In re the Claim of Young

— Appeal from a decision of the Unemployment Insurance Appeal Board, filed March 4, 1975, which affirmed the decision of a referee sustaining the initial determination of the Industrial Commissioner disqualifying claimant from receiving benefits on the ground that claimant lost his employment through misconduct. Evidence adduced at the hearing established that the claimant was discharged for drinking intoxicating beverages while on the job and being away from his post without authorization. On this appeal, claimant contends that he was denied his constitutional right of due process under the Fourteenth Amendment of the United States Constitution because he was not afforded the opportunity of cross-examination of his employer (Matter of Harper [Levine], 41 AD2d 975).
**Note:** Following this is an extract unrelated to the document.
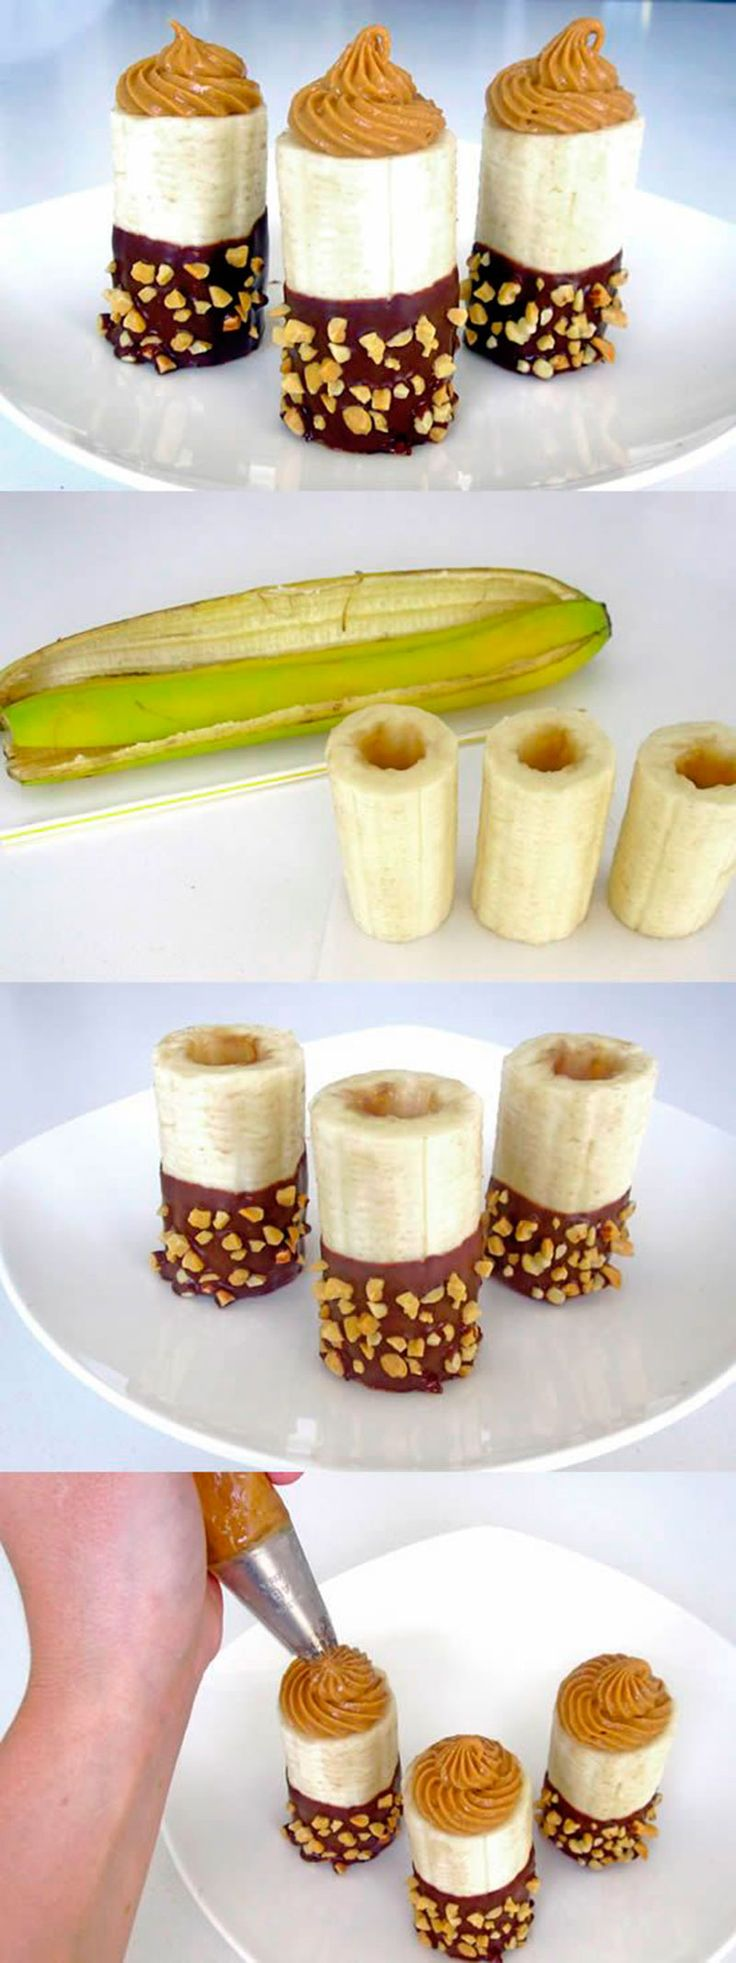 banana delicia

In the instant case, unlike Harper (supra), the employer appeared and testified at a scheduled hearing at which the claimant failed to appear. Claimant’s application to reopen was granted. After claimant again failed to appear at the new hearing, at which the employer’s representative was present, the hearing was closed. When claimant finally arrived, after the case was closed and after the employer had gone, the case was reopened for the purpose of taking the claimant’s testimony. By his failure to appear at the time and place of the hearing, claimant waived his constitutional right to crpss-examine the employer. Decision affirmed, without costs. Herlihy, P. J., Sweeney, Koreman, Larkin and Reynolds, JJ., concur.